What does it all mean?

The professor of physics and astronomy then tried his luck at “English” for our sake. He said that his study involves quantum energy superconductivity could be useful for real, productive applications. As this type of energy conductivity far exceeds the gigahertz system, we are currently using. The professor added that he is using terahertz light to accelerate supercurrents. This will give him data on the properties of energy transfer in the quantum field.

Superconductivity is something that allows for the smooth flow of electrical currents through a material or system. This usually happens in extreme temperatures, below freezing. The terahertz light the professor mentioned is light that’s manipulated at very high frequencies. It is a form of microwave radiation bursts that measures in the trillions per second.

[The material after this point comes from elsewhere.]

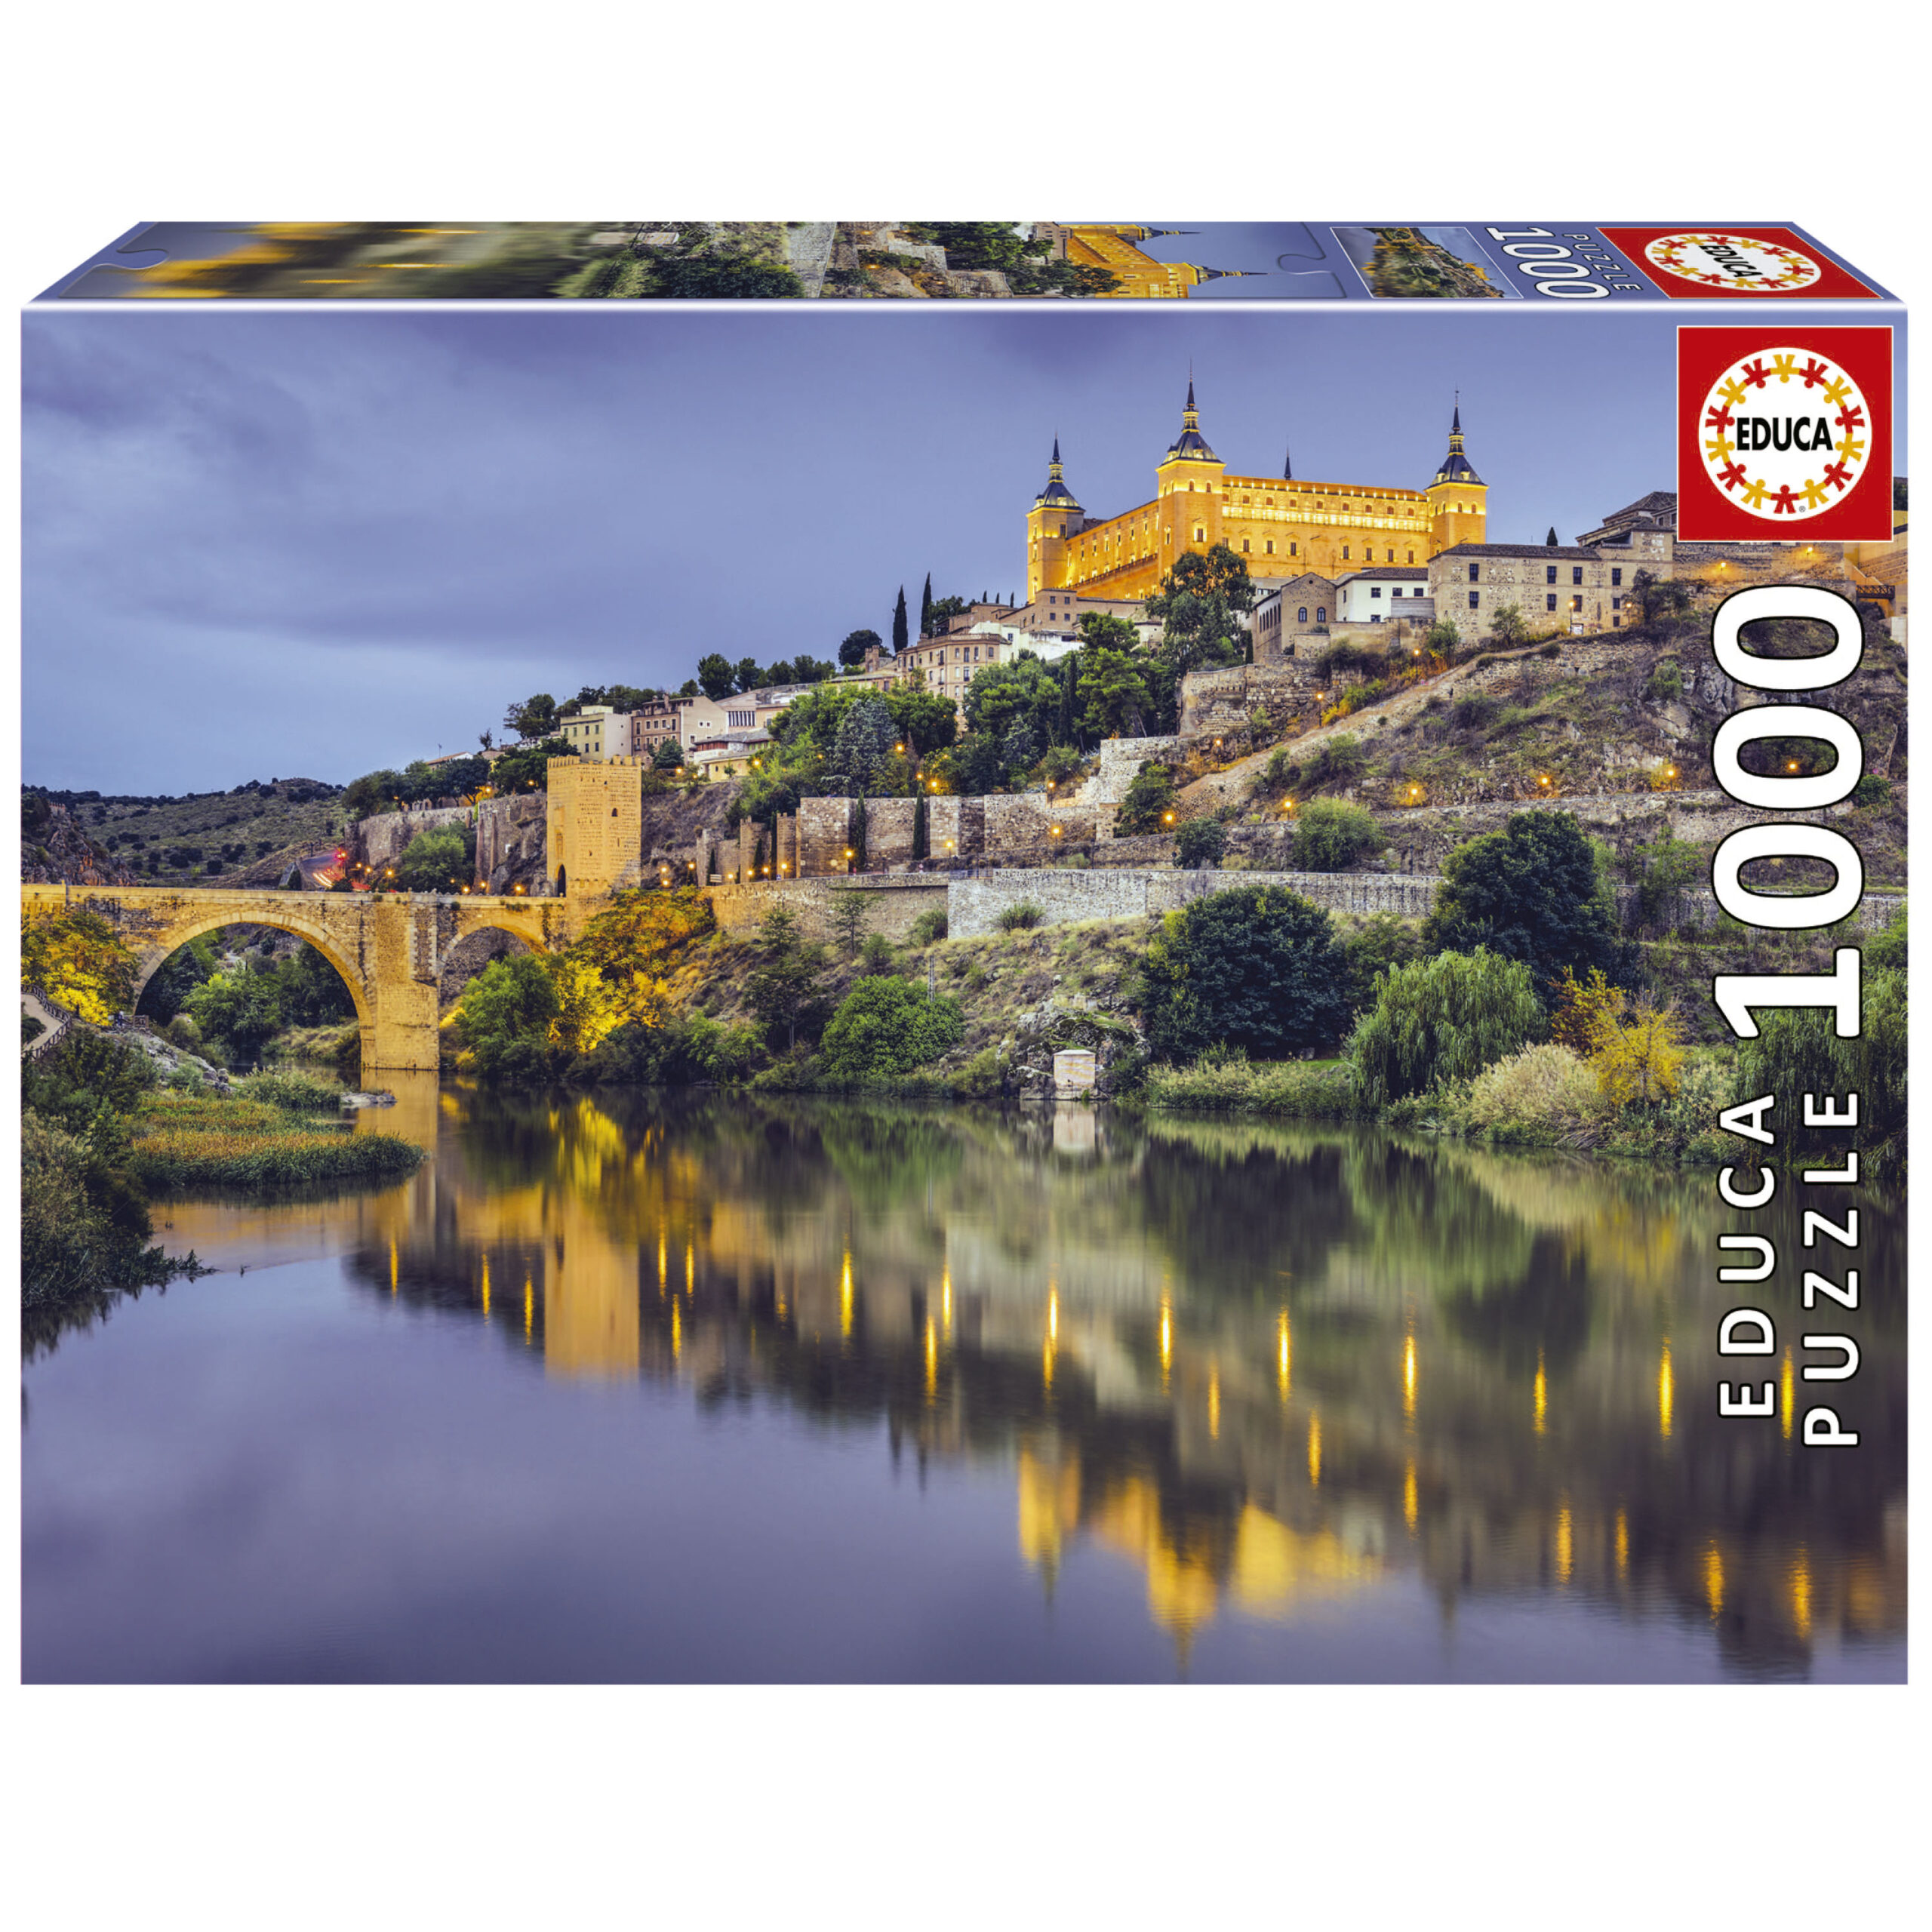 Educa Puzzle 1000 Pcs Machu Picchu Peru 13764 for sale online

Such light manipulation has served the research team in controlling some of the processes of superconductivity that were thought to defy the laws of known physics.

Quantum computing using light waves

The professor commented: “Light-induced supercurrents chart a path forward for the electromagnetic design of new materials properties and collective coherent oscillations for quantum engineering applications. By exploiting interactions of these quantum systems, next-generation technologies for sensing, computing, modeling, and communicating will be more accurate and efficient.”

Which basically means that prodding these supercurrents will allow scientists to create future tech involving quantum computing and energy-based systems that could perhaps catapult us into the next age of human society.